Currently, when processing a CheckResult, it will first trigger an OnNextCheckChanged event, which is sent to all connected endpoints. Then, when Checkable#ProcessCheckResult() returns, an OnNewCheckResult event is fired, which is of course also sent to all connected endpoints.

Next, the other endpoints receive the event::SetNextCheck cluster event followed by event::CheckResultand invoke
checkable#SetNextCheck() and Checkable#ProcessCheckResult() with the newly received check. So they also try to recalculate the next check themselves and invalidate the previously received next check timestamp from the source endpoint. Since each endpoint calculates it relative to time#now (recomputing the next check relative to the last check/cr#schedule_end does not work for active checks either, as each endpoint randomly initialises its own scheduling offset), the recalculated next check will always differ by a split second/millisecond on each of them. As a consequence, two Icinga DB HA instances will generate two different checksums for the same state and causes the state histories to be fully resynchronised after a takeover/Icinga 2 reload.

Before

~ diff <(curl -sSku root:icinga 'https://localhost:5666/v1/objects/hosts/icinga2?pretty=1') <(curl -sSku root:icinga 'https://localhost:5665/v1/objects/hosts/icinga2?pretty=1')
94,95c94,95
<                 "next_check": 1709202335.3899999,
<                 "next_update": 1709202350.4348836,
---
>                 "next_check": 1709202334.593121,
>                 "next_update": 1709202349.6380048,
99,100c99,100
<                 "package": "_cluster",
<                 "paused": false,
---
>                 "package": "_etc",
>                 "paused": true,
110c110
<                     "path": "/Users/yhabteab/Workspace/icinga2-2/prefix/var/lib/icinga2/api/zones/master/_etc/hosts.conf"
---
>                     "path": "/Users/yhabteab/Workspace/icinga2/prefix/etc/icinga2/zones.d/master/hosts.conf"

After

~ diff <(curl -sSku root:icinga 'https://localhost:5666/v1/objects/hosts/icinga2?pretty=1') <(curl -sSku root:icinga 'https://localhost:5665/v1/objects/hosts/icinga2?pretty=1')
99,100c99,100
<                 "package": "_cluster",
<                 "paused": false,
---
>                 "package": "_etc",
>                 "paused": true,
110c110
<                     "path": "/Users/yhabteab/Workspace/icinga2-2/prefix/var/lib/icinga2/api/zones/master/_etc/hosts.conf"
---
>                     "path": "/Users/yhabteab/Workspace/icinga2/prefix/etc/icinga2/zones.d/master/hosts.conf"

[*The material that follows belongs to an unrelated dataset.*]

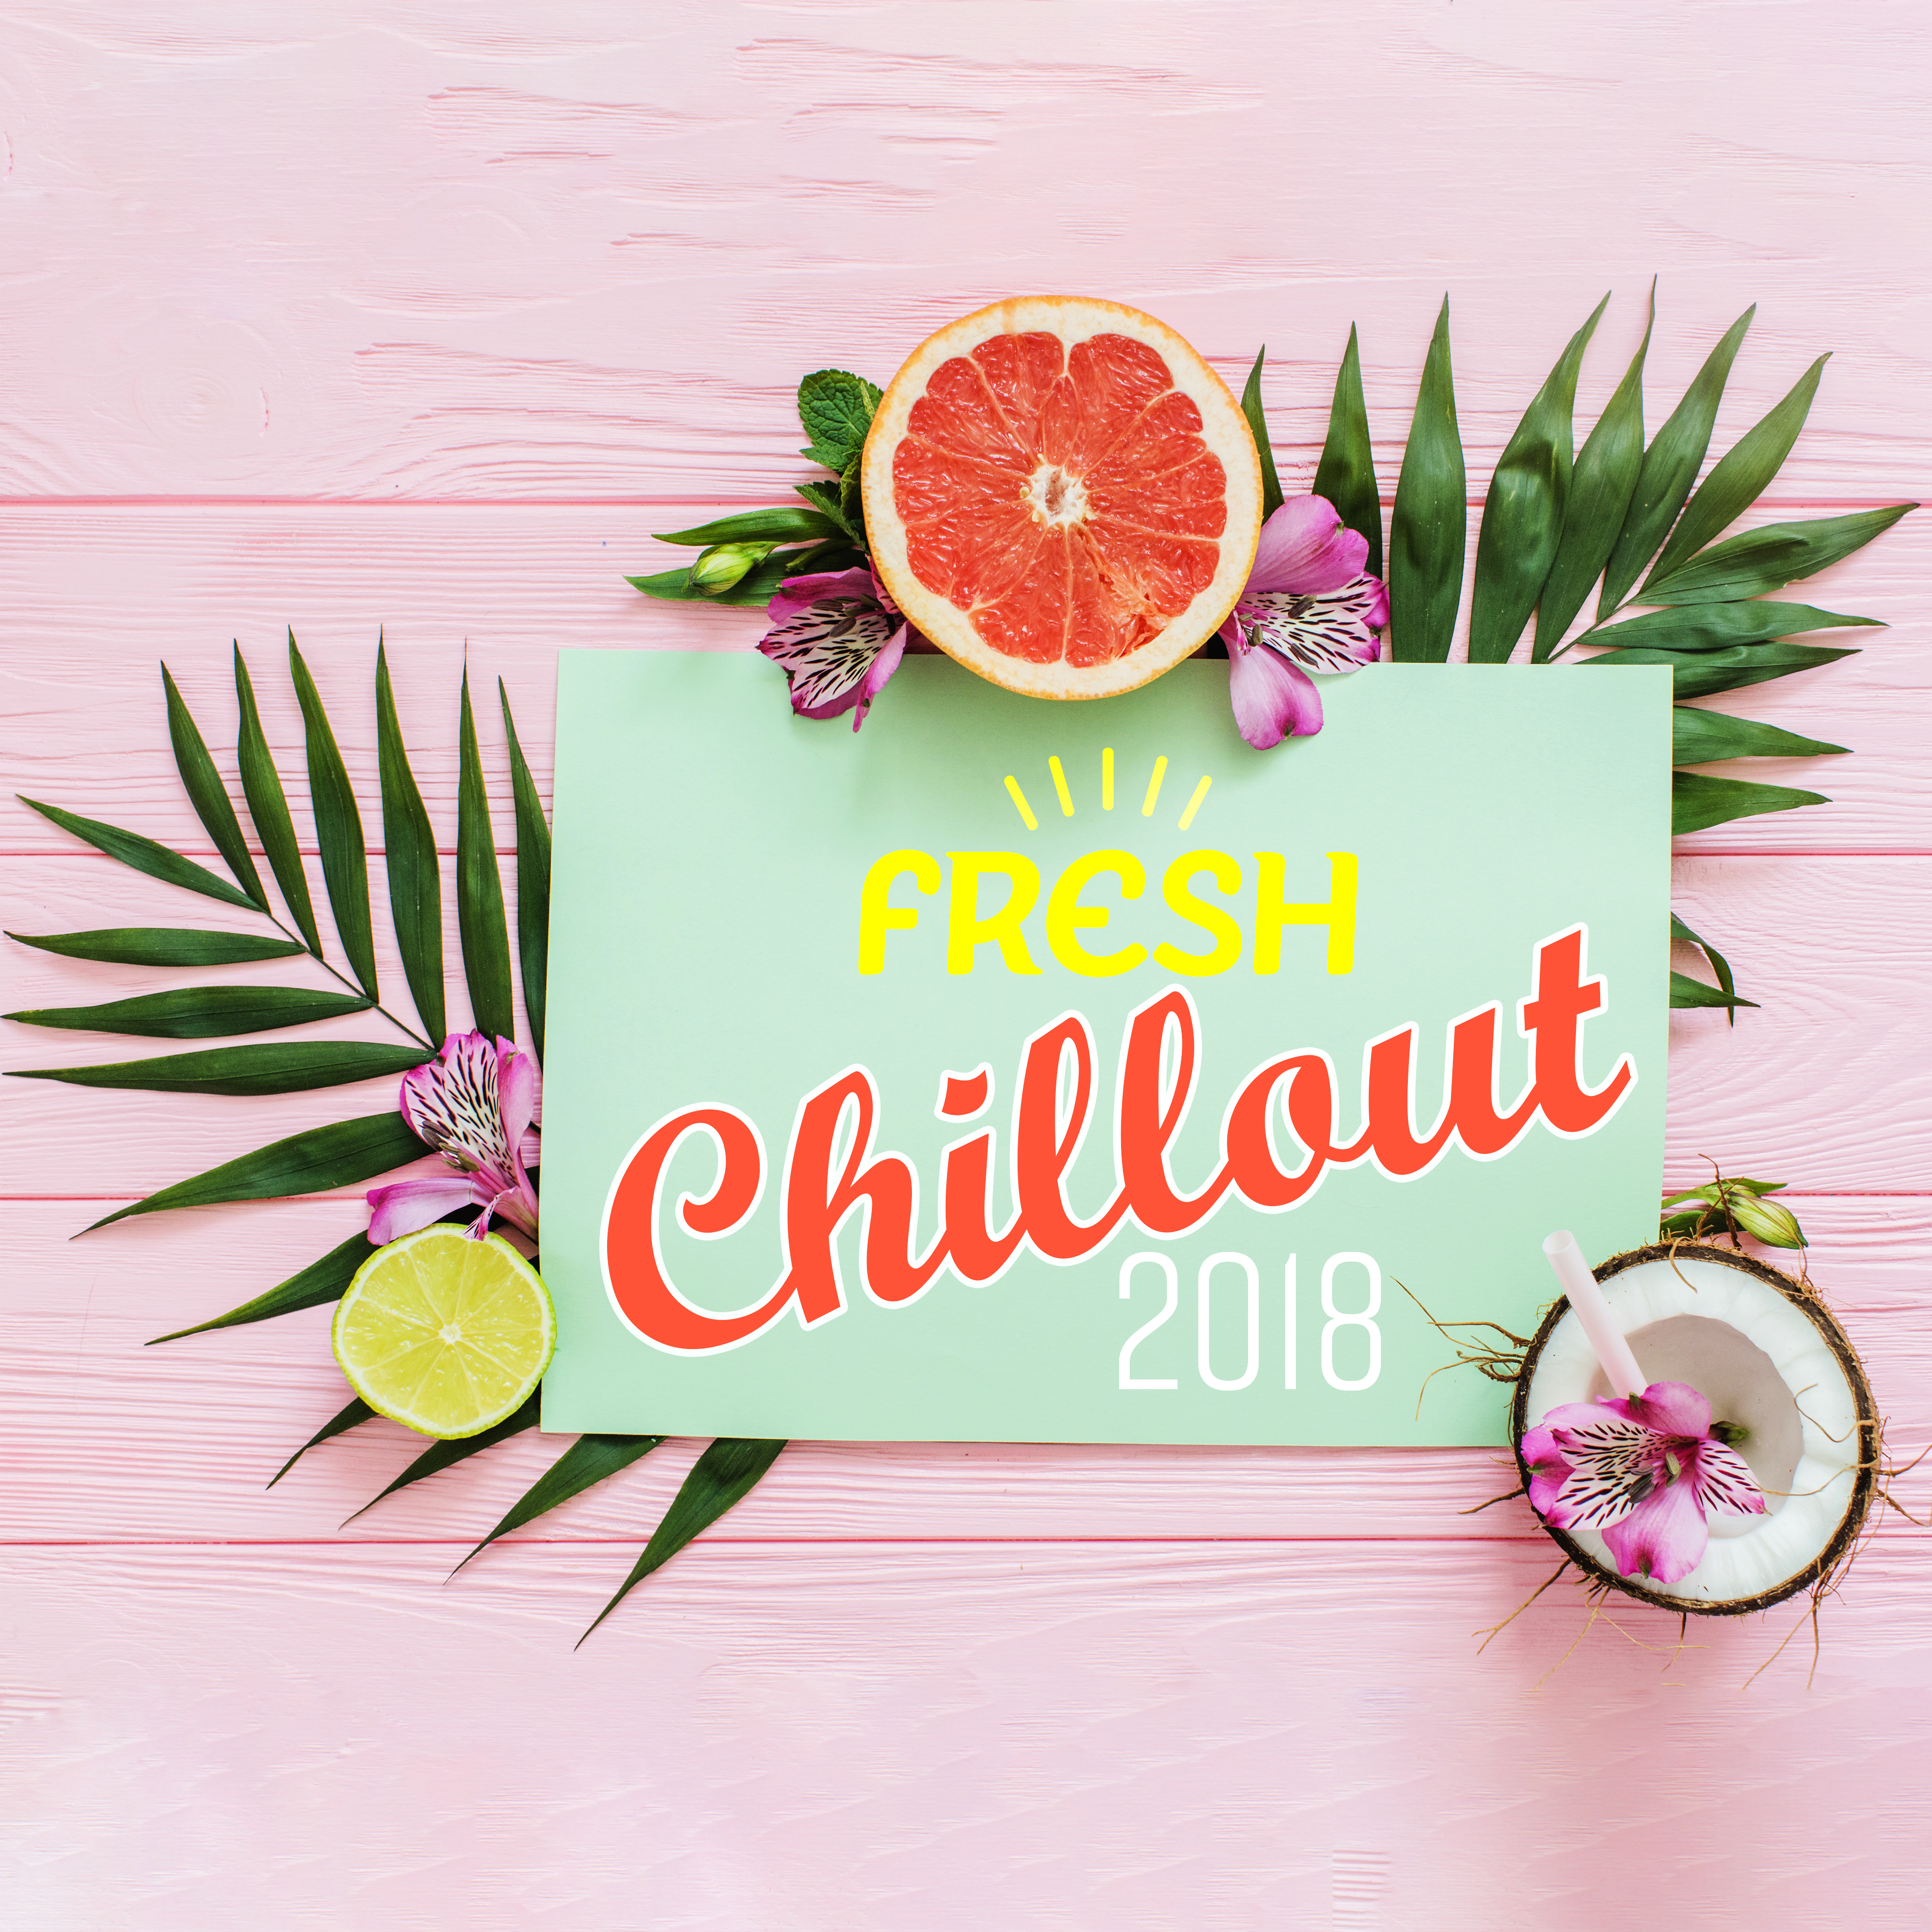 Fresh Chillout 2018
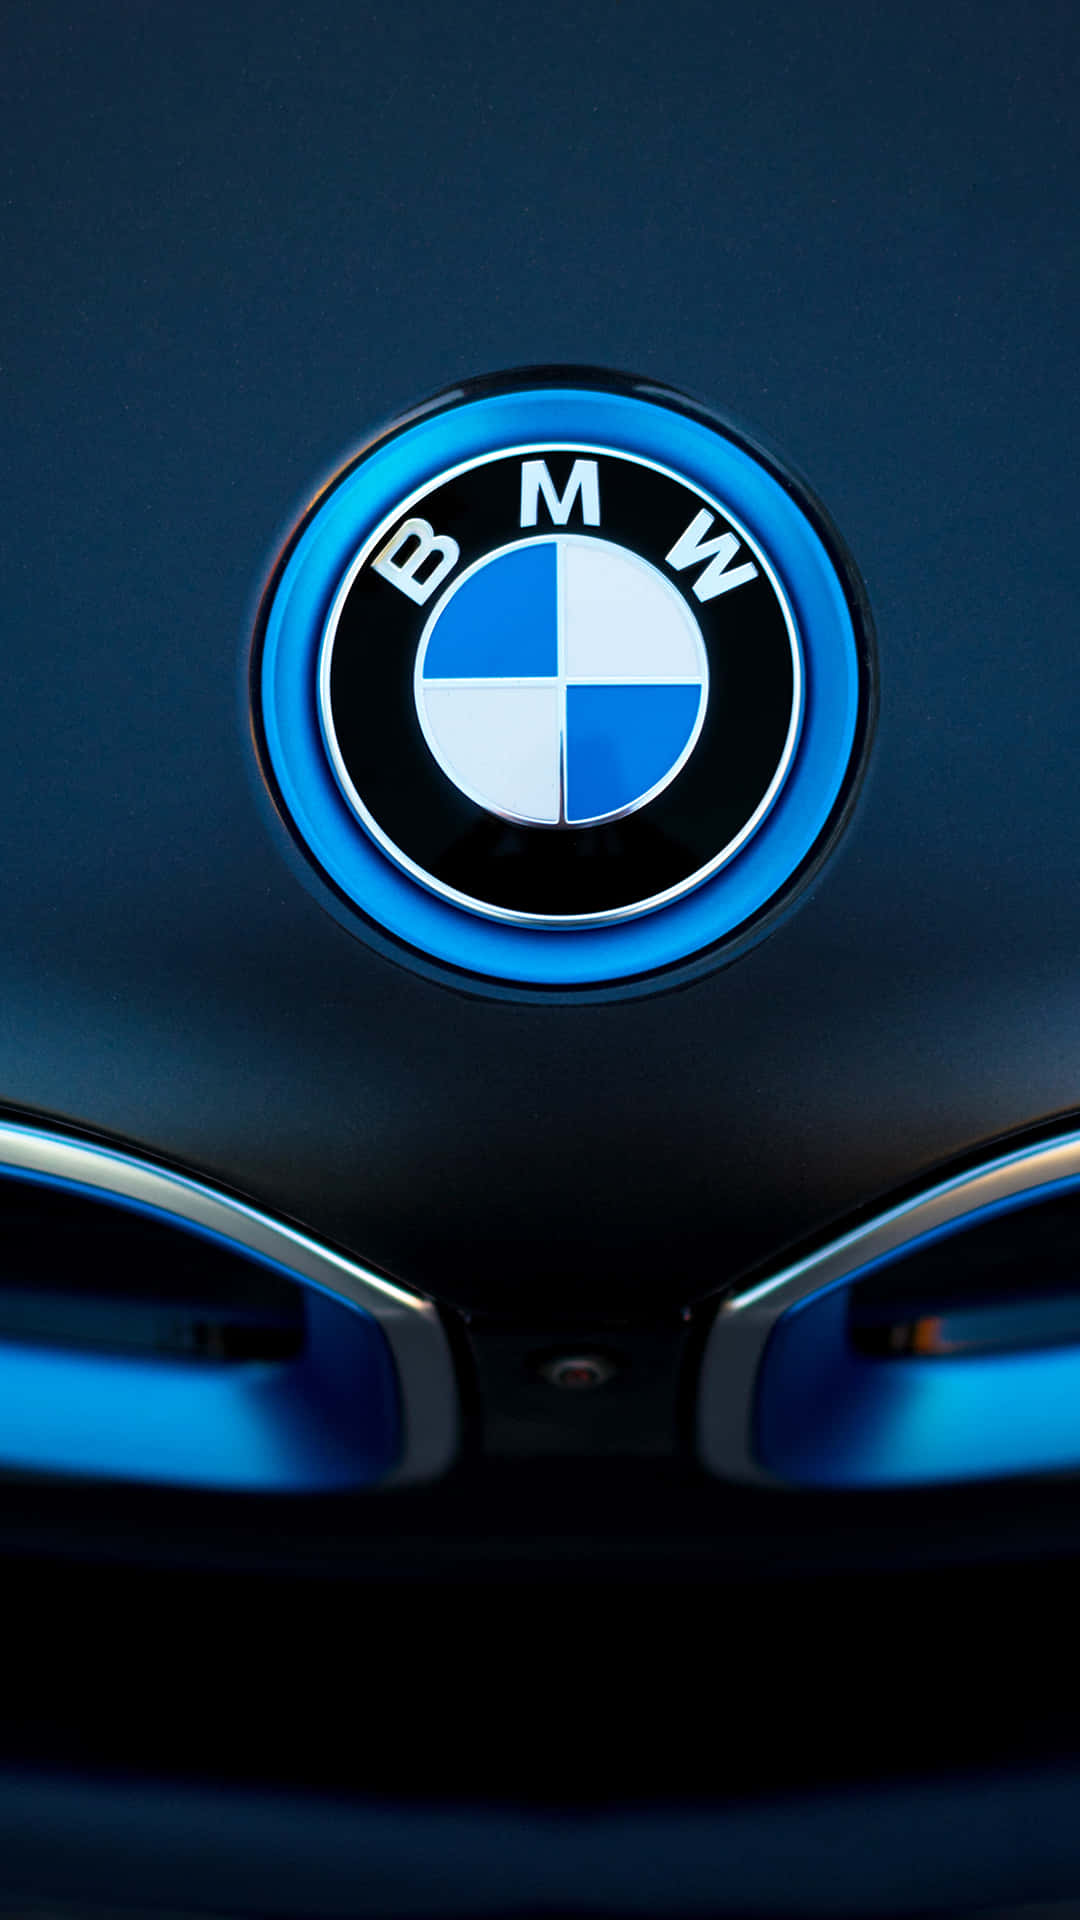 BMW Cars Redesigned with Android System Wallpaper

lib/icinga/checkable-check.cpp

…enrated check Currently, when processing a `CheckResult`, it will first trigger an `OnNextCheckChanged` event, which is sent to all connected endpoints. Then, when `Checkable::ProcessCheckResult()` returns, an `OnCheckResult` event is fired, which is of course also sent to all connected endpoints. Next, the other endpoints receive the `event::SetNextCheck` cluster event followed by `event::CheckResult`and invoke `checkable#SetNextCheck()` and `Checkable#CheckResult()` with the newly received check. So they also try to recalculate the next check themselves and invalidate the previously received next check timestamp from the source endpoint. Since each endpoint randomly initialises its own scheduling offset, the recalculated next check will always differ by a split second/millisecond on each of them. As a consequence, two Icinga DB HA instances will generate two different checksums for the same state and causes the state histories to be fully resynchronised after a takeover/Icinga 2 reload.

Al2Klimov

Does this work with CRs from command endpoints?

yhabteab · 2024-04-04T11:36:00Z

Does this work with CRs from command endpoints?

How do these CRs differ from any other remote generated ones? I don't see why they shouldn't work.

Al2Klimov · 2024-04-04T14:13:09Z

A command endpoint is NOT in the zone of the checkable it checks. So it would send a 'next check changed' message along with the CR, but the master would ignore it: Discarding 'next check changed' message for checkable '...' from '...': Unauthorized access And the master wouldn't update the next check by itself as !origin is false. The CR's origin is the command endpoint.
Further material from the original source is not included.